Фикса
Только, что закончили 84 ВШМС или просто радиошколу, в городе Щёлково, с нетерпением ждали распределения, куда направят для прохождения дальнейшей службы. Хотелось служить поближе к дому, а разгильдяев обещали отправить в одну из частей на станции Джульфа, Азербайджанской железной дороги, на границе с Ираном, где очень и очень жарко, много тушканчиков, фаланги и скорпионы. Я, грешным делом, тоже ждал того злополучного места, но слава Богу, всё обошлось. Туда даже Сережа Чучко, мой земеля из Иркутска, не попал, хотя был одним из злостных нарушителей дисциплины.
Через семь лет мне и Анатолию Пономарёву, мы вместе заканчивали эту радиошколу, довелось там побывать. У тумбочки дневального на стене нацарапано тридцать три чёрточки и буквы СЧ. Чёрточки обозначали наряды на службу вне очереди, полученные Сергеем за различные нарушения, а ведь были ещё и очередные.
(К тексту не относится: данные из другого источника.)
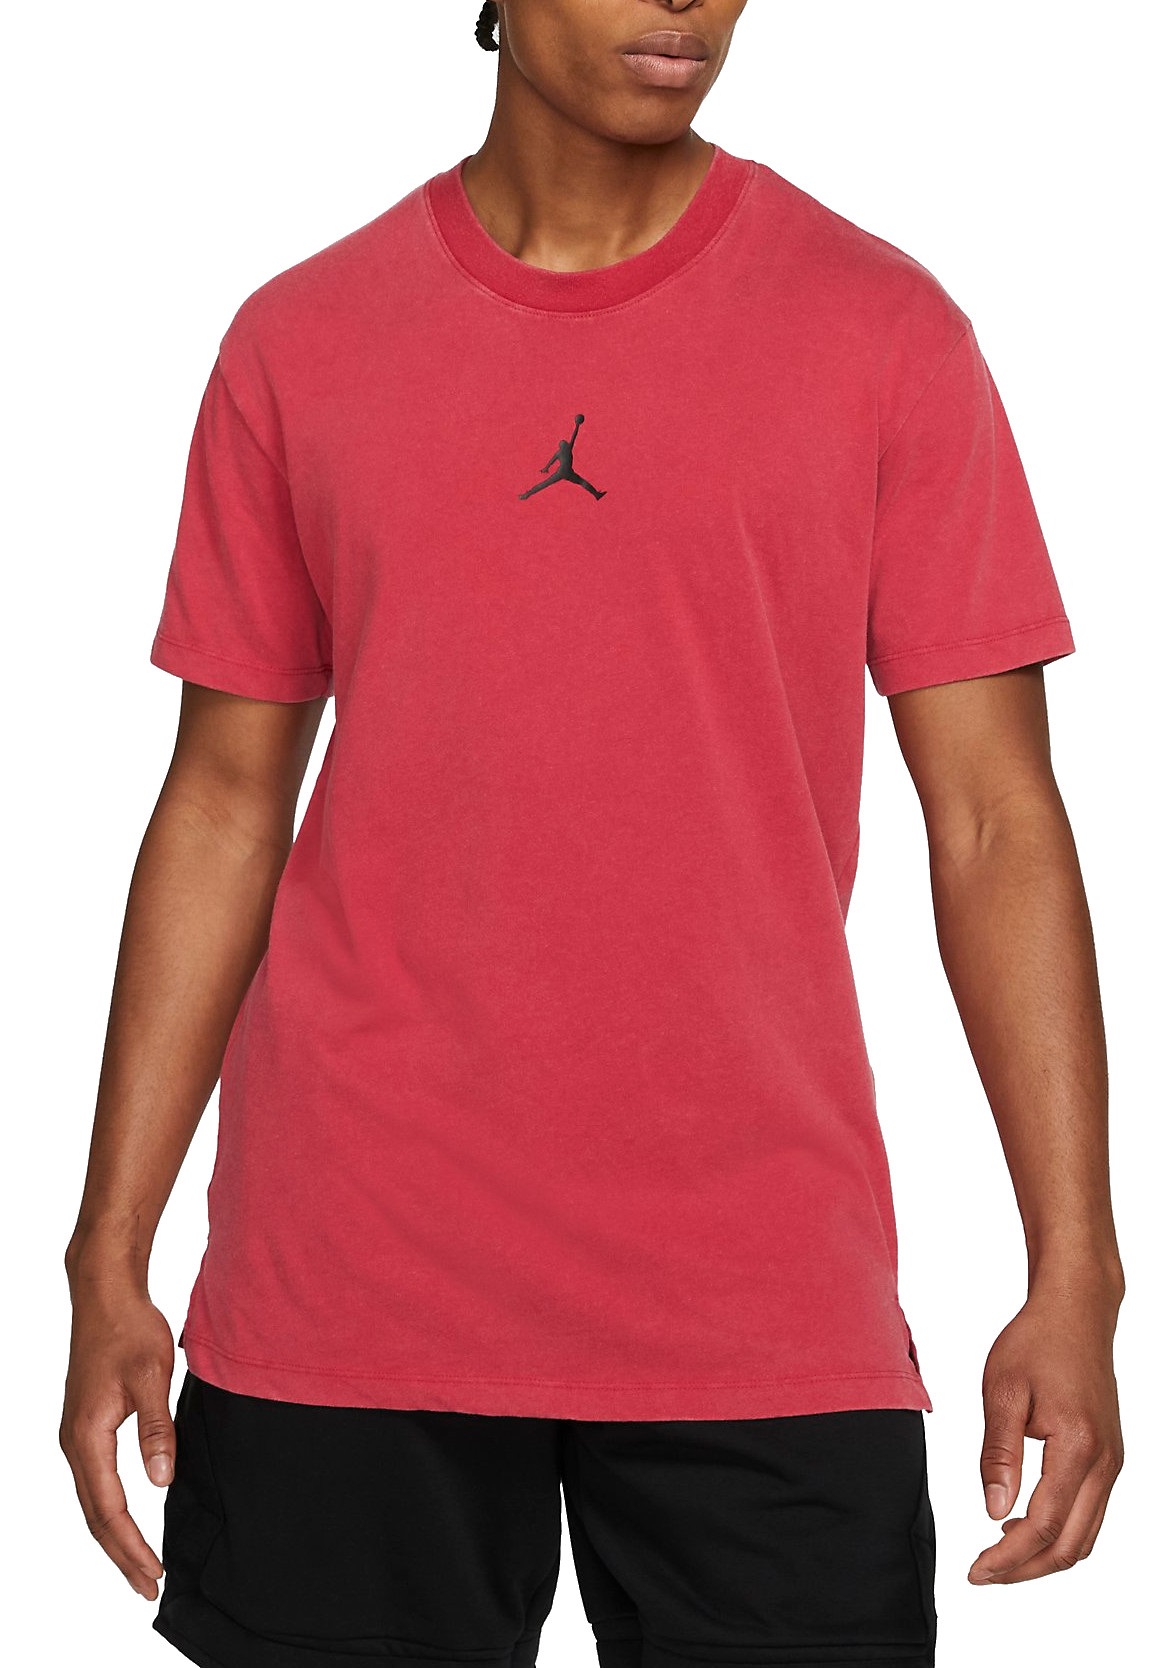 Jordan Dri-FIT Air Men s Short-Sleeve Graphic Top Rövid ujjú póló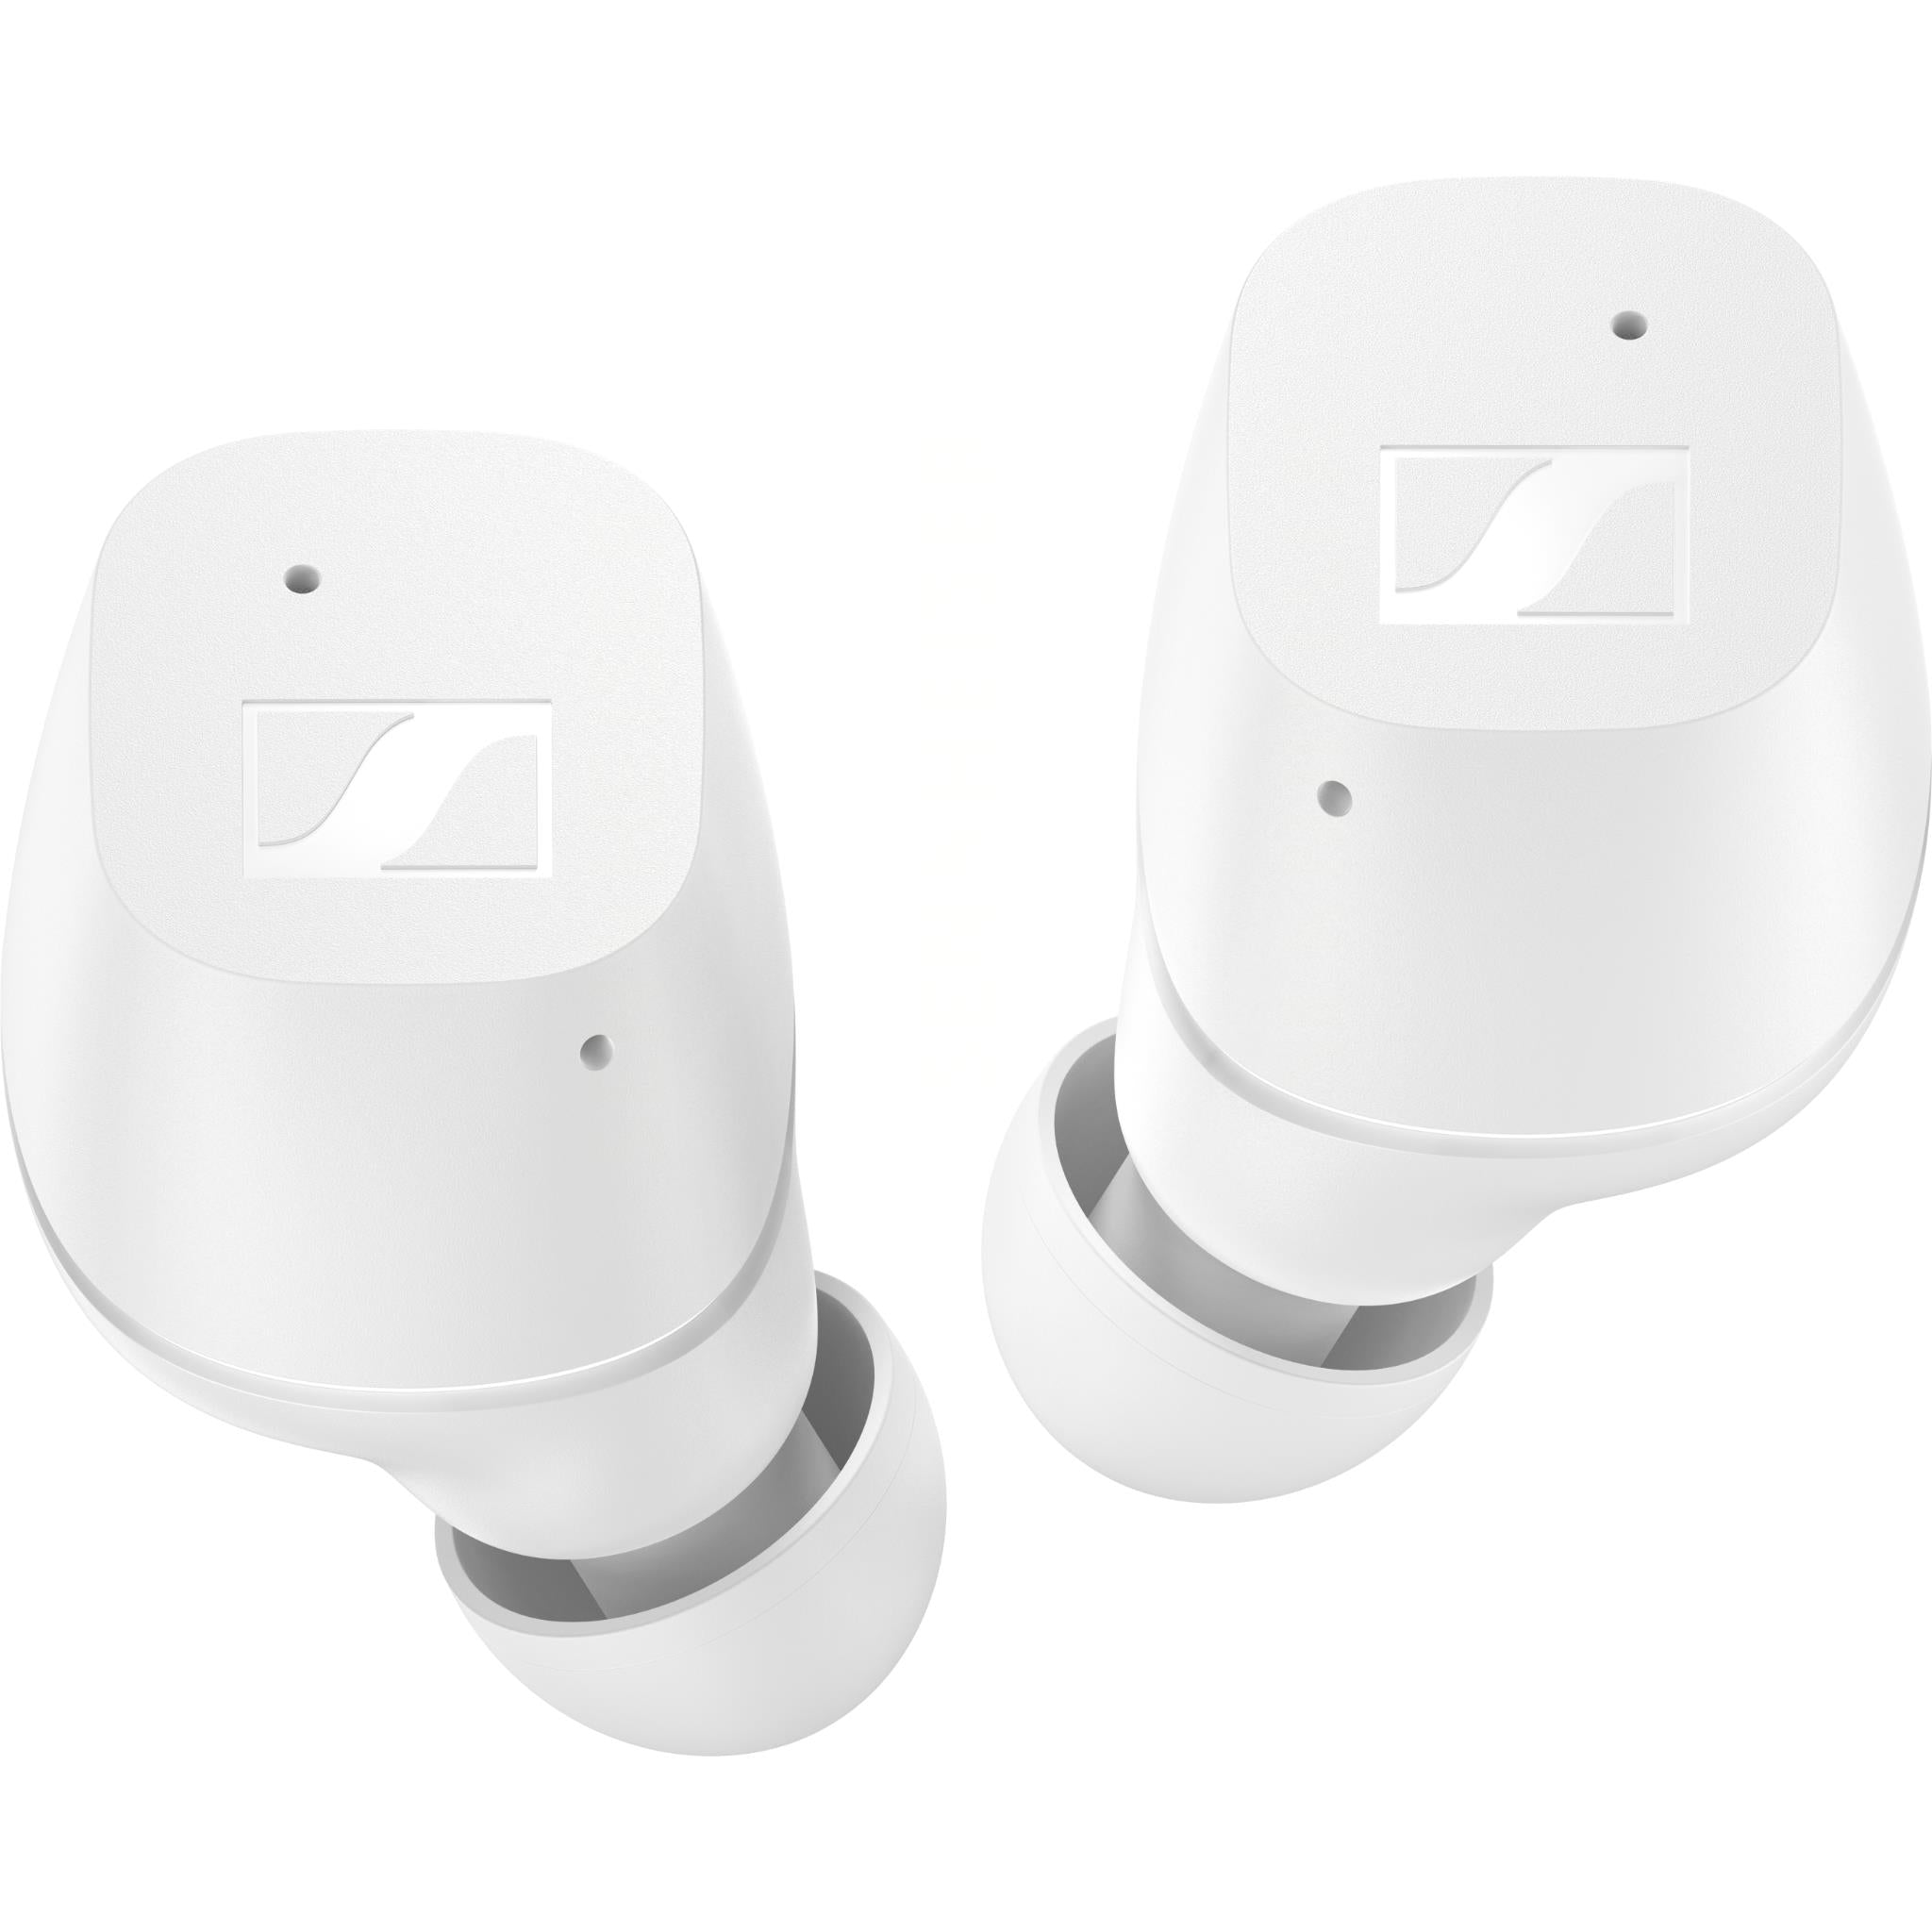 sennheiser cx true wireless in-ear headphones (white)

А это сутки нести службу. Были ещё кухня и караулы в части и в Москве. Так вот за прошедшие годы эти чёрточки даже побелка не закрыла.
Сергей Чучко умер через год после призыва в Хабаровске, в 17 пмждб, от белокровия. На сборном пункте в Иркутске мы видели, как его провожали родители и сестра. Папа работал в управлении железной дороги каким-то начальником, ездил на чёрной «Волге» с оленем на капоте и ходил на протезе. Мама тоже из начальства. Они так высокомерно и, наверное, брезгливо поглядывали на снующих лысых призывников, что нам было даже не по себе. Сергей тоже был фасонистый, но потом спесь с него слетела, но гонор остался. Прошёл год, и родители потеряли сына без всякой войны.
Командование радиошколы решило отправить нас в те или почти те места, откуда мы призывались. Мы, пять иркутян из десяти, попали на Дальний Восток, а я ещё дальше на берег Татарского пролива. Когда-то в начале 60х годов вернулся в наш посёлок из тюрьмы Володя Щукин, у него в Хужире была жена и двое сыновей. Жили мы в одном бараке, в шестнадцатом. Так вот, Володя, напившись водки, брал в руки гитару и пел старую зековскую песню «Я помню тот Ванинский порт». Песню я запомнил и через много лет попал туда служить. В бараке жил ещё один романтик с гитарой Миша Кульмаментьев, который любил петь песни «Когда после вахты гитару возьмёшь» и «Чёрное море моё». Но вот к Чёрному морю я почему-то не попал, наверное, съел чего-нибудь.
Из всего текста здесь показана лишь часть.